In his absence, team-mate Lando Norris had to get as much mileage as possible into an MCL36 car that was suffering from overheating brake ducts, with the team having to apply an “interim fix” at the season-opening race that will not serve as a long-term solution.

Thus Ricciardo, clearly ring rusty having not driven the car on track since the unofficial test in Barcelona last month, starts the curtain-raiser with only Lance Stroll and Nicholas Latifi behind him, while Norris will line up a disappointing 13th on the grid.

Unless other teams have reliability issues or there is a melee, Ricciardo knows this grand prix will now mainly serve as an opportunity to build up his understanding and familiarity with the car.

“For the race, just really try and, I say, circulate,” said Ricciardo in an interview with Formula1.com. “I don’t want to say that in a non-competitive sense, but really just get as many laps and try to keep building my knowledge of the car in these conditions.

“It’s obviously still [about] trying to explore it and the limit.
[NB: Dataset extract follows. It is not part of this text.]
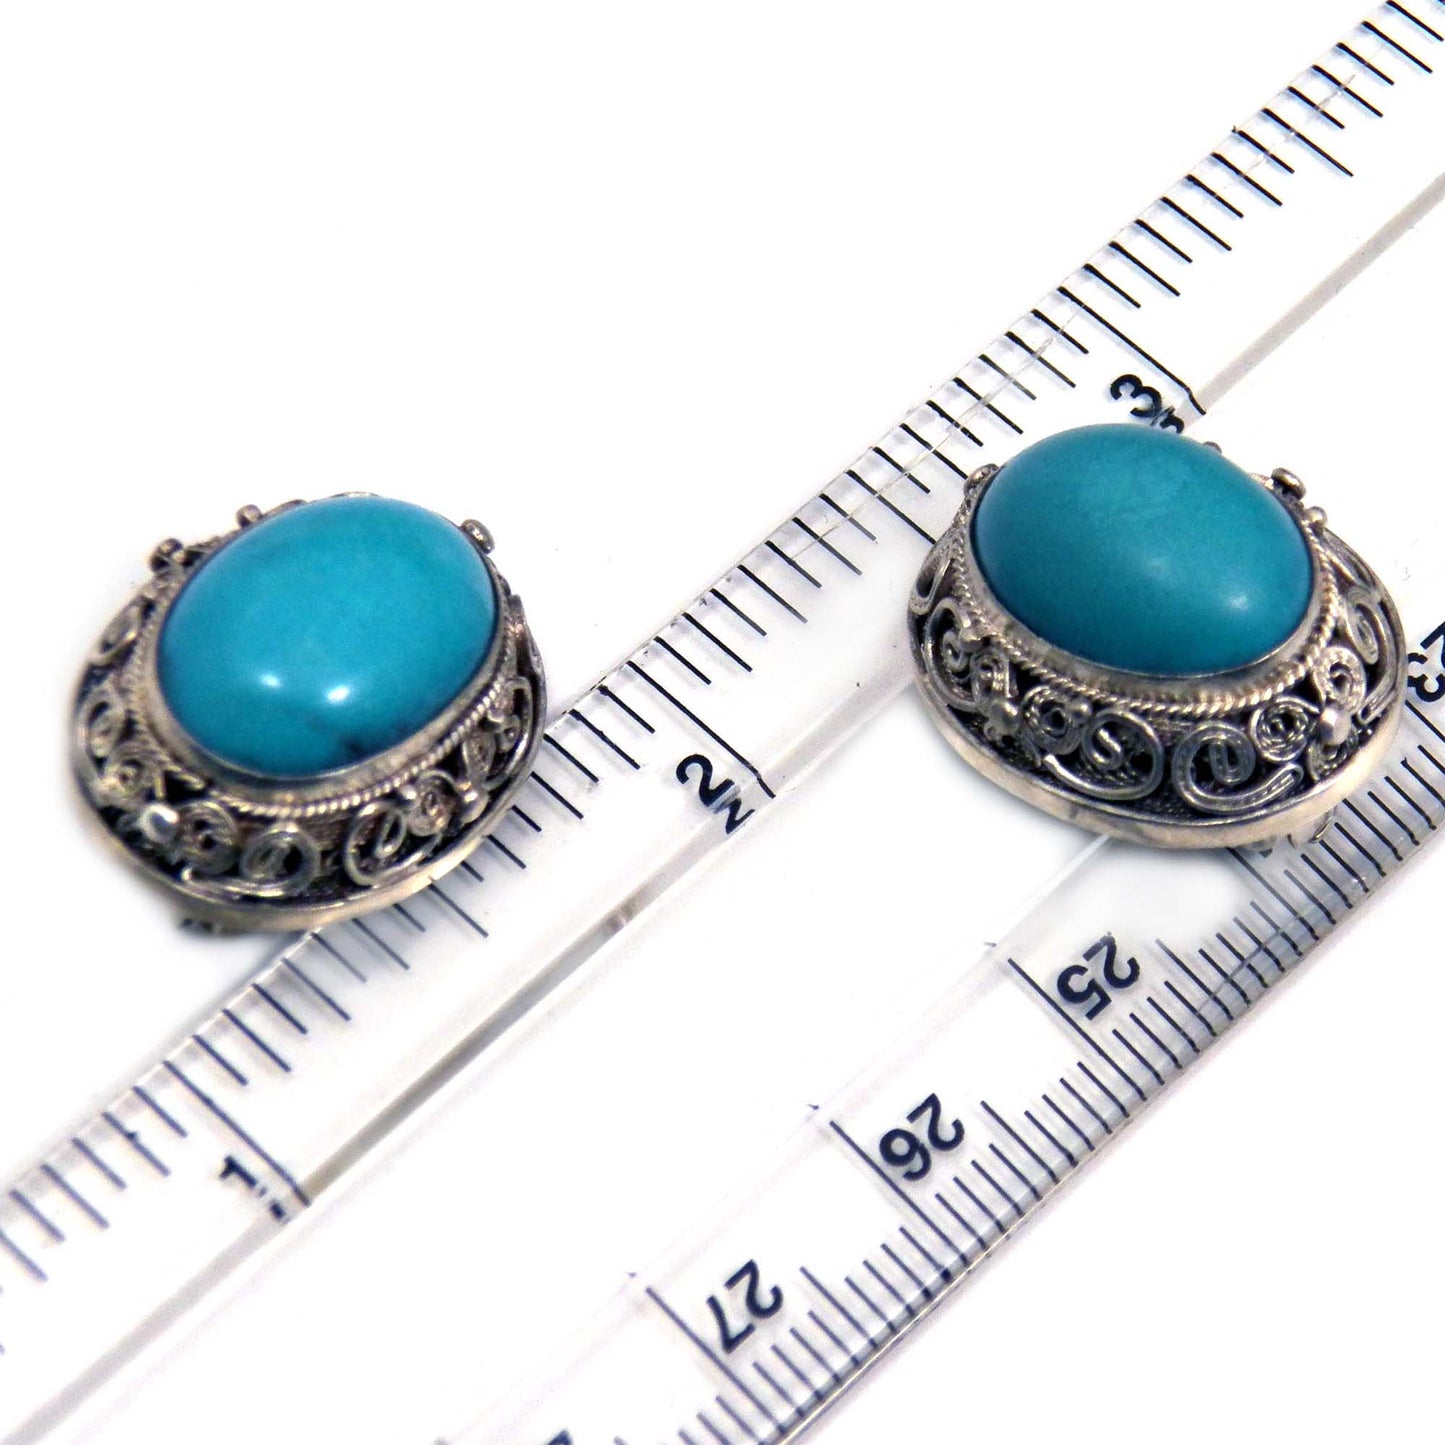 Antique Chinese Turquoise Clip on Earrings, Silver Filigree Vintage Jewelry 1930s

Obviously disappointed to be [out in Q1] but I think it’s the outcome of missing a lot of track time here.

“I think Barcelona was so different, the conditions and the feeling in the car. I expected it to copy-paste to Bahrain but that wasn’t the case at all.

“Just need to keep learning, fast-track it. No matter how experienced you are, I think this new era of cars will throw some challenges.”
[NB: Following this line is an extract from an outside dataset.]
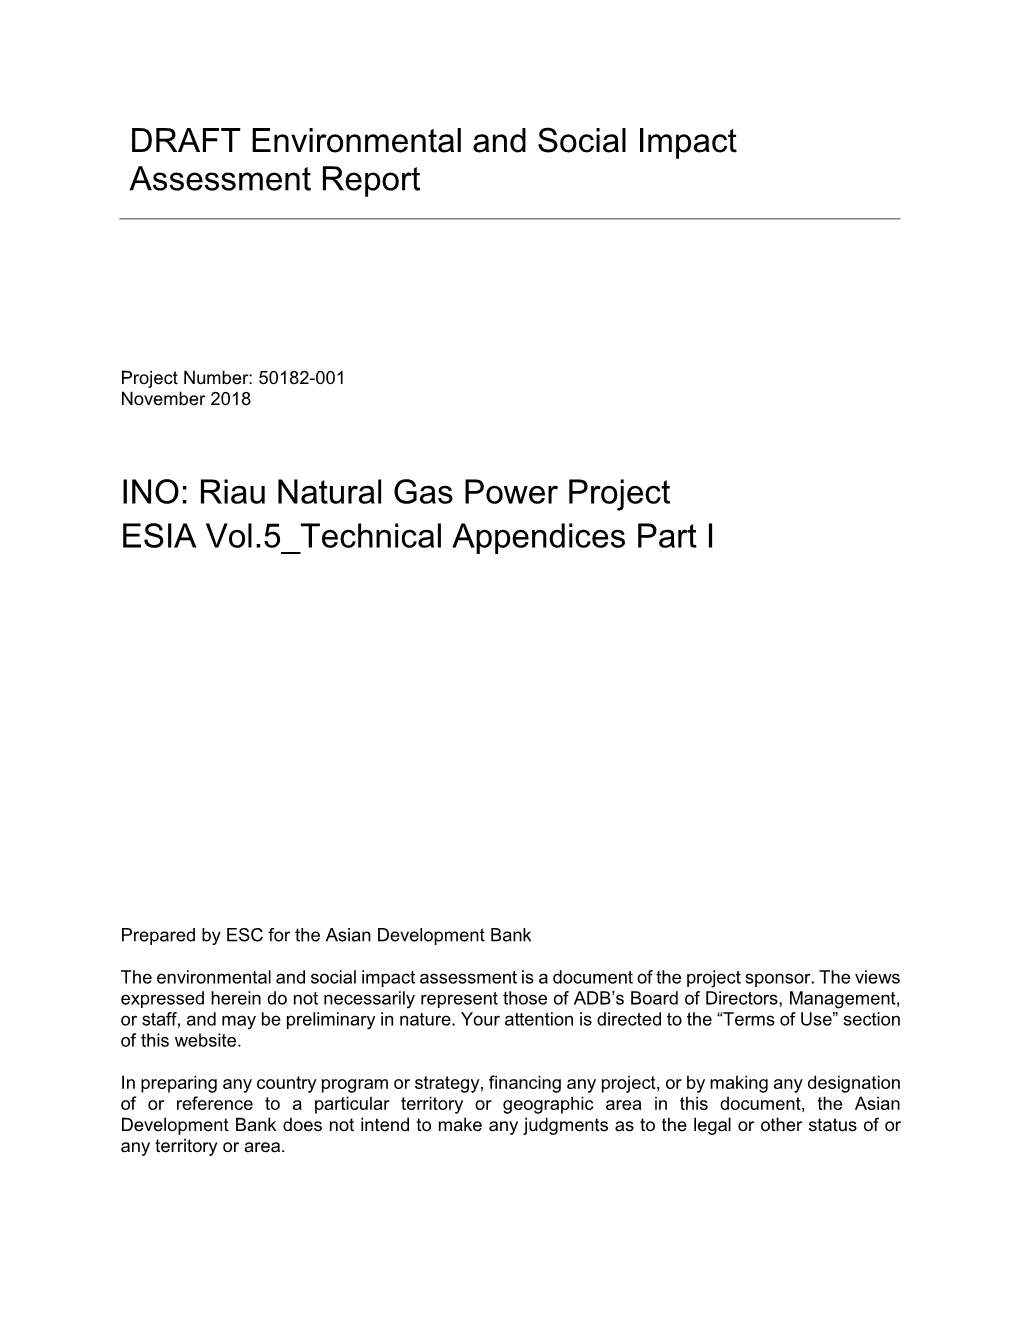 DRAFT Environmental and Social Impact Assessment Report INO: Riau Natural Gas Power Project ESIA Vol.5 Technical Appendices Part

It is exactly the start to the season Ricciardo did not want after a generally underwhelming first year with McLaren apart from the outstanding highlight of his Italian Grand Prix victory.

“It’s too early in the season to be down,” added the 32-year-old, who started sixth and finished seventh in Bahrain 12 months ago. “Eyes forward and head down.

“It’s a shame right now, but it’s early and we’ll look forward. That’s all you can do now. That’s the plan.”